I think Odeon’s beauty is the result of the happy combination of many elements: a perfect balance of “saudade” (nostalgic feeling) with upbeat rhythms, a long and expansive left hand melody in the refrain, “jazzy” harmonies in the right hand, and a slight touch of “Tico Tico” and Camen Miranda in the last episode (maybe?).

There are other tangos besides “Odeon” that an intermediate student can handle well. To name two of the most popular: “Remando” and “Brejeiro” (which sounds suspiciously similar to Milhaud’s Scaramouche, composed later).

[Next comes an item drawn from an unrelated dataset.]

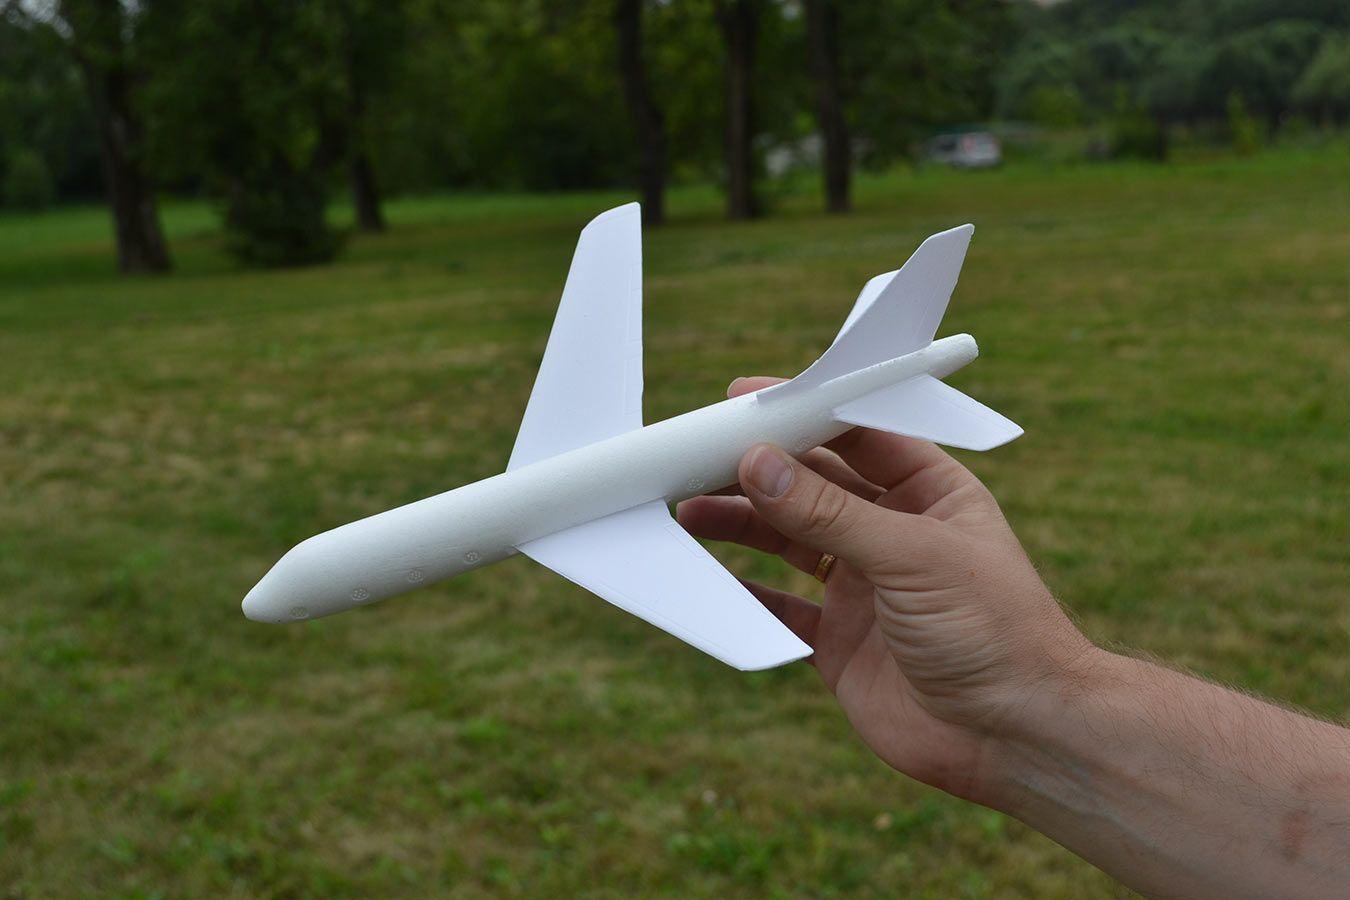 Планер Аэробус 27 см изображение 0
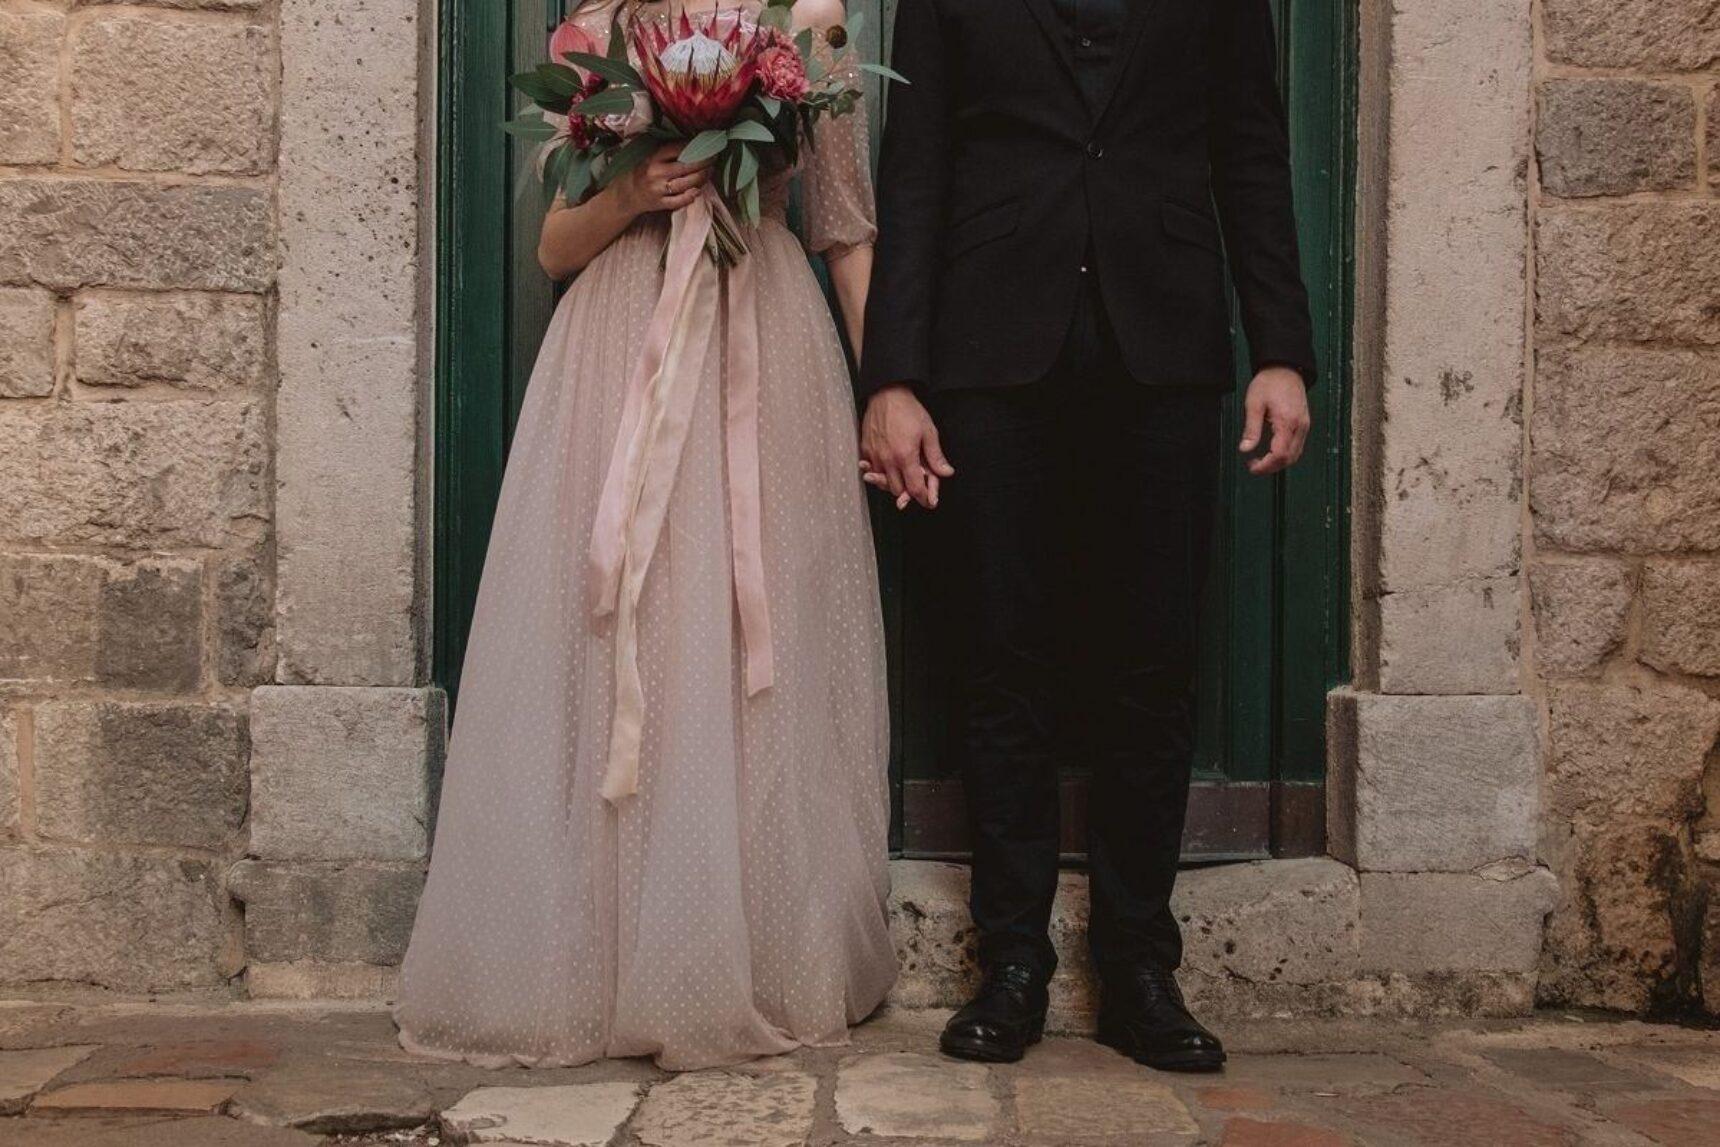 Zwiewna suknia ślubna – wybierz lekką i romantyczną stylizację na ślub

A tip: don’t play these tangos too fast. Remember that this music also has a big deal of nostalgia (ask any Brazilian!). Just watch the video (in Portuguese) of composer Francisco Mignone. Mignone met Nazareth at the music store where the older composer played for customers. The young and enthusiastic Mignone jumped at the piano and played “Brejeiro” for the composer at a dashing tempo. Nazareth response: “that’s not how you should play it!” and played it for him slower, more clearly and more singingly. Nazareth then told him that performers often ruined his music by playing it too fast.

Mignone on Nazareth (video on YouTube):

“Odeon” is in the public domain. You can download a free copy at the International Music Score Library Project.

If you want to buy good anthologies of his Tangos, Alfred Publications has a good compilation of 10 or 15 pieces (Brazilian Tangos and Dances. Van Nuys: Alfred, 1997). Also check A Collection of his Finest Piano Works. San Francisco: GSP, [no date] on Amazon.